DATA SEGMENT section start
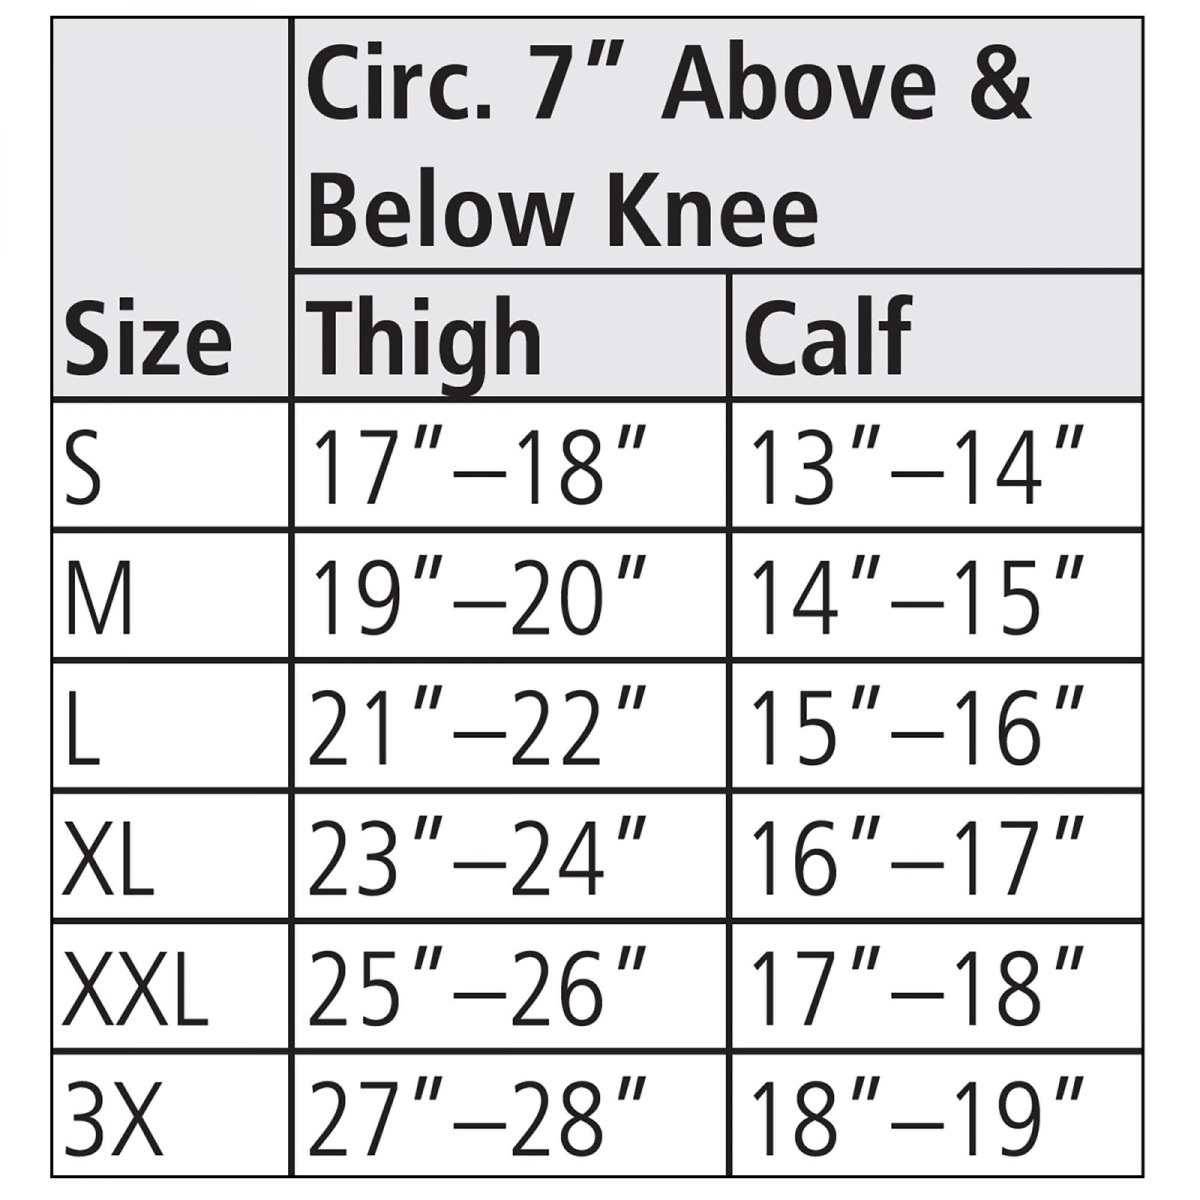 Mueller Knee Brace Size Chart
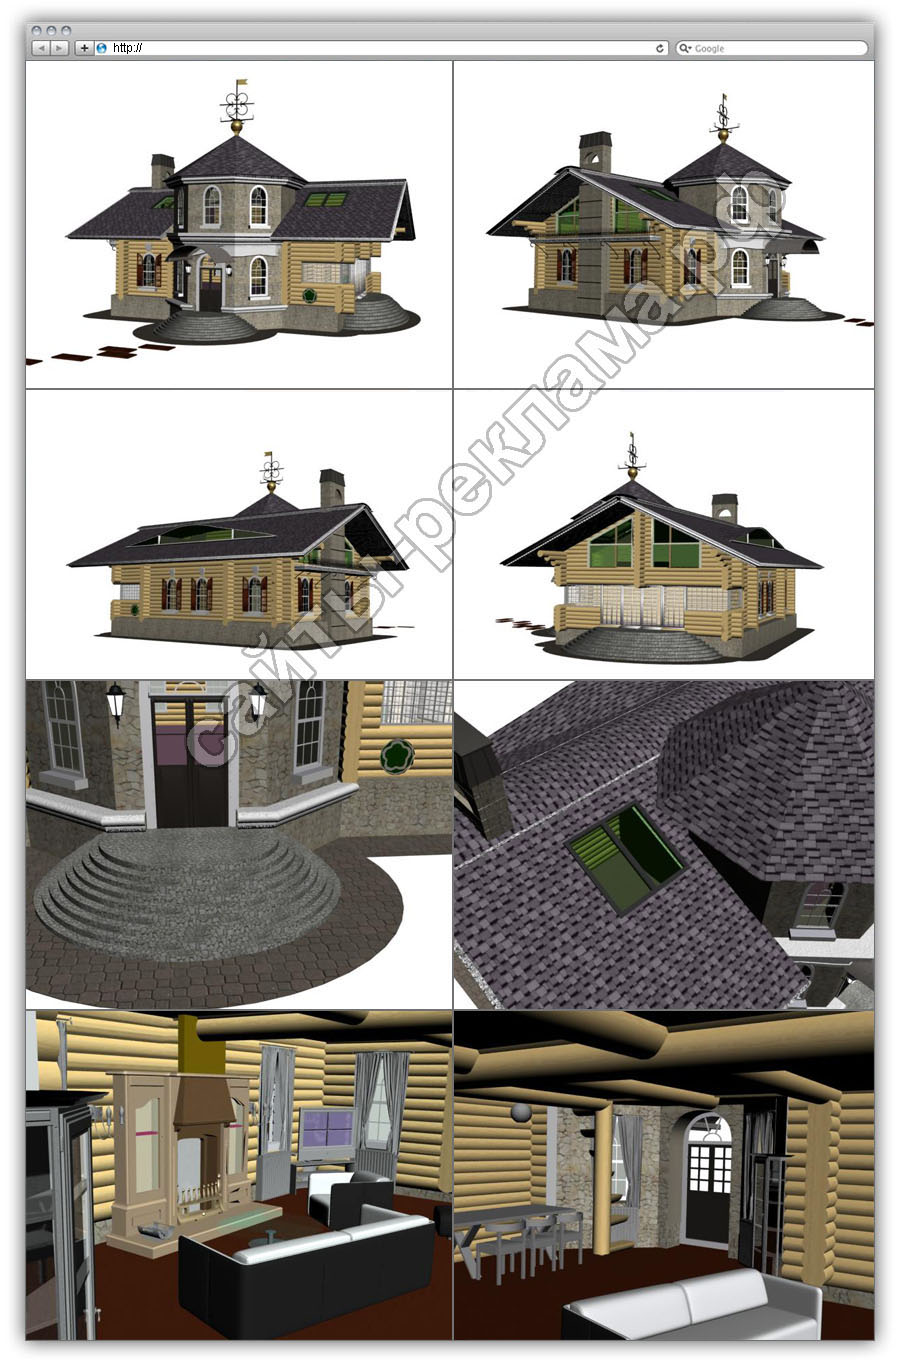 Трёхмерная архитектурная модель дома
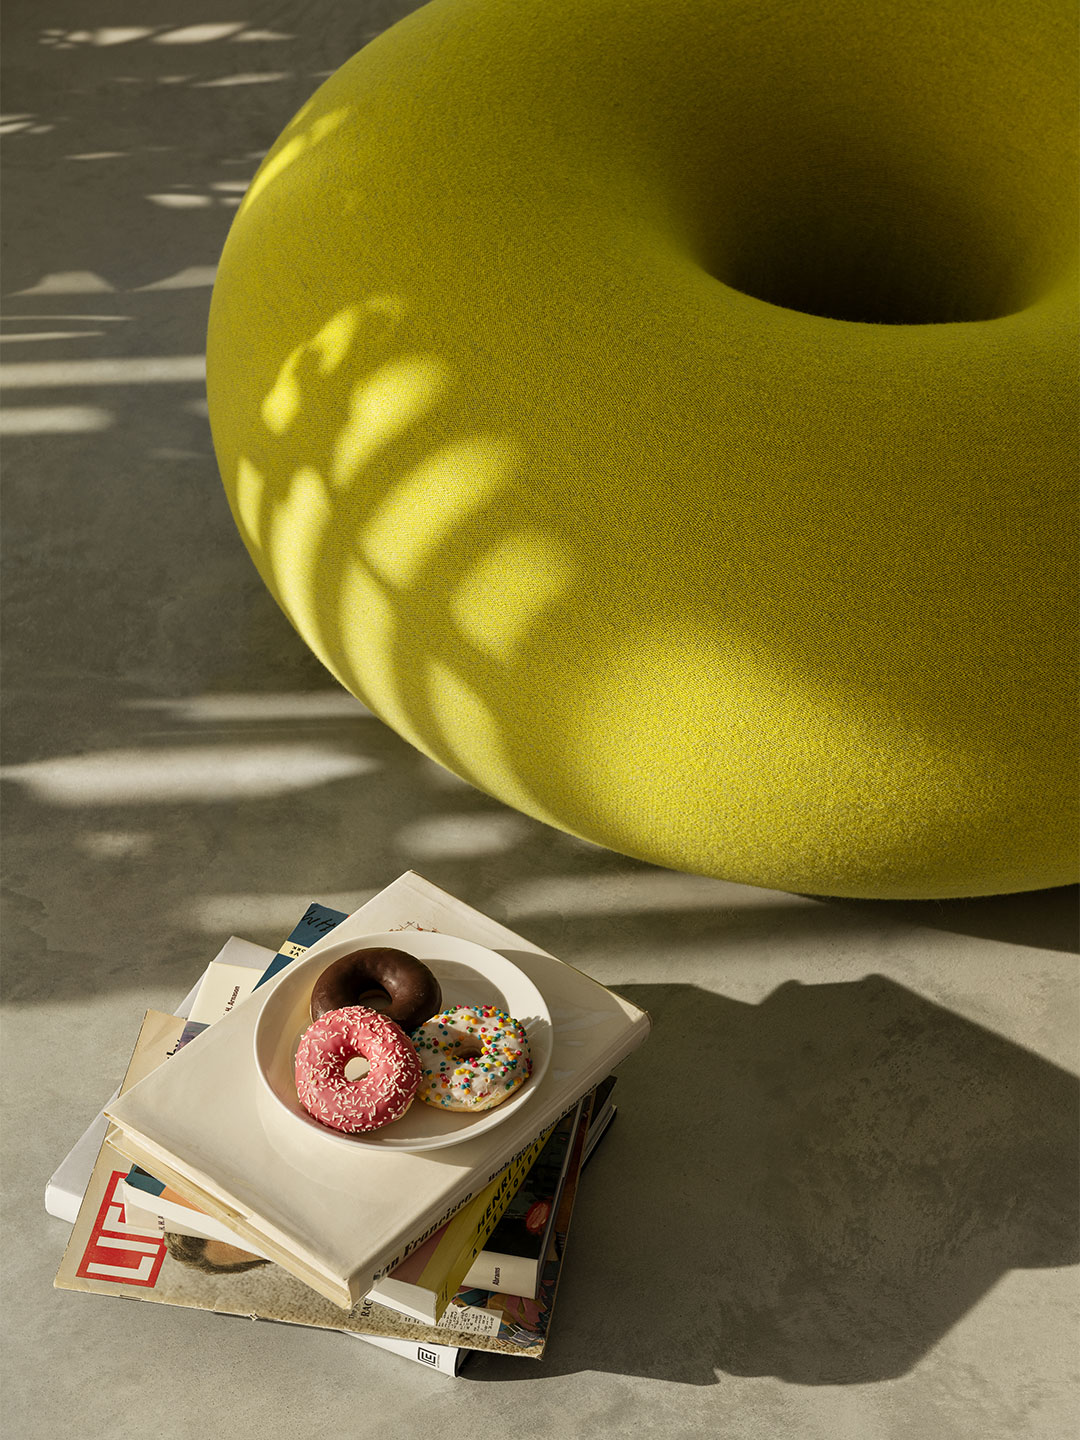 Doughnut-inspired Boa pouf by Sabine Marcelis for Hem
DATA SEGMENT section end
## TASK ITEM
Would you set down the listing exactly, omitting pictures?

## FINISHED EXERCISE
 Mueller Knee Brace Size Chart
 Трёхмерная архитектурная модель дома
 Doughnut-inspired Boa pouf by Sabine Marcelis for Hem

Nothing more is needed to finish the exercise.